Bağımlılık sürecinin daha çok ergenlik döneminde temellendirildiğini belirten İlhan, özellikle bu dönemde ebeveynlerin biraz daha dikkatli olması gerektiğine vurgu yaparak, “Bağımlılık daha çok tam adölesan dediğimiz 16-18 yaş aralığında temelleri atılan bir süreç. Tabi burada insanların direkt uyuşturucu ile başladığını söylemek güç. Bazen insanlar uyuşturucu ile başlamıyor. Yine Türk uyuşturucu araştırmalarından sonuçları sizler ile paylaşmak isterim. Örneğin çocuğun çevresindeki en yakın 3 ya da 5 arkadaşından bir tanesi uyuşturucu kullanıyor ise çocukta da risk artıyor. Ailede birisi uyuşturucu kullanıyorsa ya da evin içerisinde birlikte yaşadığı ev halkından birisi, mesela üniversite öğrencisi ise ve evdeki arkadaşlarından bir tanesi kullanıyorsa, çalışıyor ve oradaki arkadaşlarından birisi kullanıyorsa riskin arttığını söylemek mümkün. O yüzden bu süreçlerde özellikle çevrenin çok olumsuz etki yaptığını söyleyebiliriz” şeklinde konuştu. “Öncesinde alkol kullanım öyküsü veya tütün ve tütün ürünleri kullanım öyküsü yüksek”

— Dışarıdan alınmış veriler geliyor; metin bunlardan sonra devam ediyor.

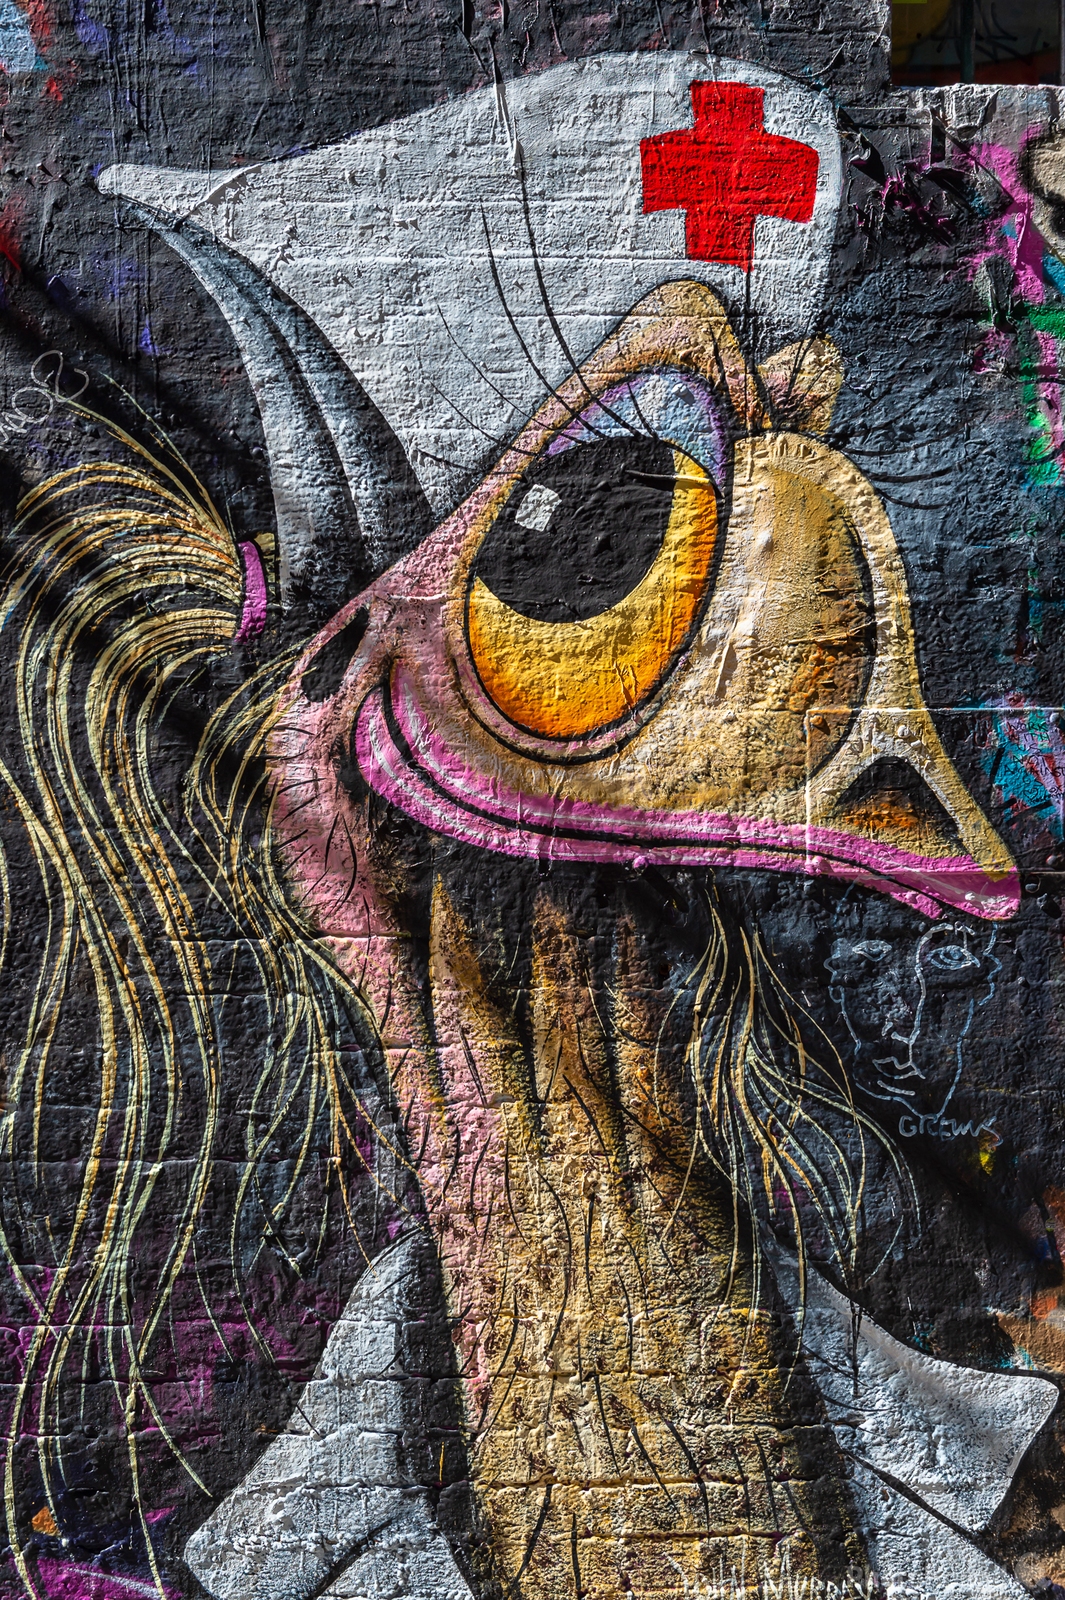 Image of Hosier Lane, Melbourne by Sue Wolfe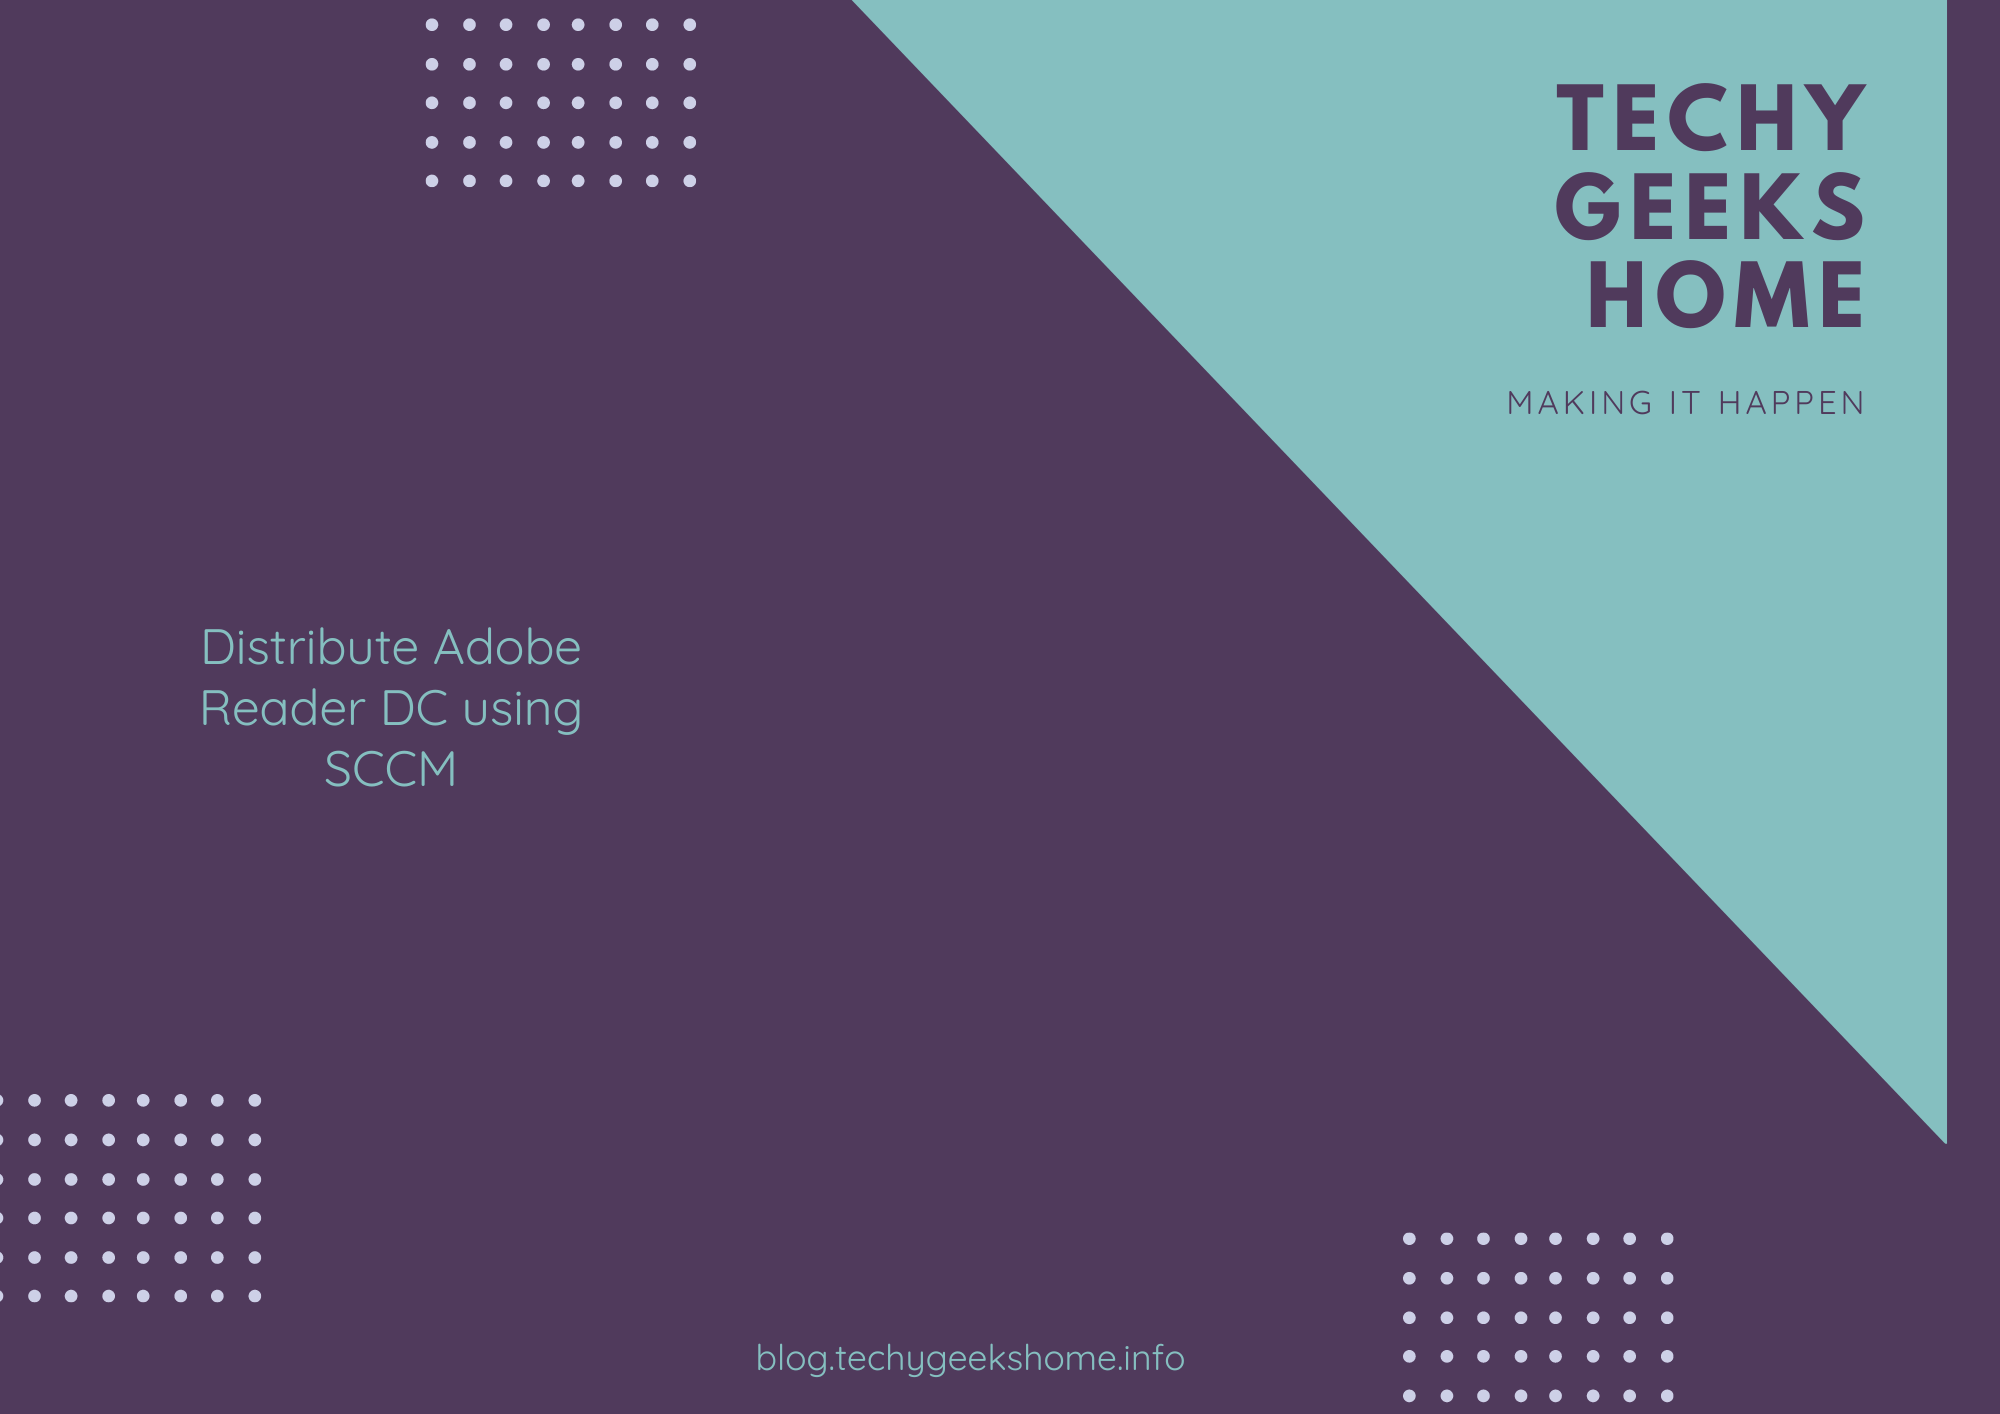 This image features a graphic design with a deep purple background diagonally split by a navy blue section. It includes the text "Techy Geeks Home - Making It Happen" and "Distribute

Yapılan bilimsel araştırmalar ışığında uyuşturucu kullanımı ve bağımlılığı bulunan kişilerde ayrıca tütün ve alkol kullanım öyküsünün de tespit edildiğini belirten Prof. Dr. İlhan, “Uyuşturucu kullananların geçmişlerine bakıldığında, öncesinde alkol kullanım öyküsü veya öncesinde tütün ve tütün ürünleri yani sigara, sarma sigara, puro, pipo, nargile gibi ürünleri kullanmanın da uyuşturucu için risk oluşturabileceği bugün kanıtlanmış durumda. Şöyle ki uyuşturucu kullananlar kullanmayanlar ile kıyaslandığında, uyuşturucu kullananlarda tütün kullanım öyküsü, alkol kullanım öyküsü ya da hekim uyarısı olmadan, sakinleştirici veya uyarıcı ilaç kullanım öyküsünün çok yüksek olduğuna şahit oluyoruz. Bunların hepsi bizler için uyarıcı olmalı” dedi.
Prof. Dr. Mustafa Necmi İlhan ayrıca, “En önemli olan aslında insanların hiç uyuşturucuya başlamamaları. Yani taleple mücadele edilmesi ve uyuşturucunun özendirilmemesi. Bu konunun her şeyden öte olduğu inancındayım” ifadelerini kullandı.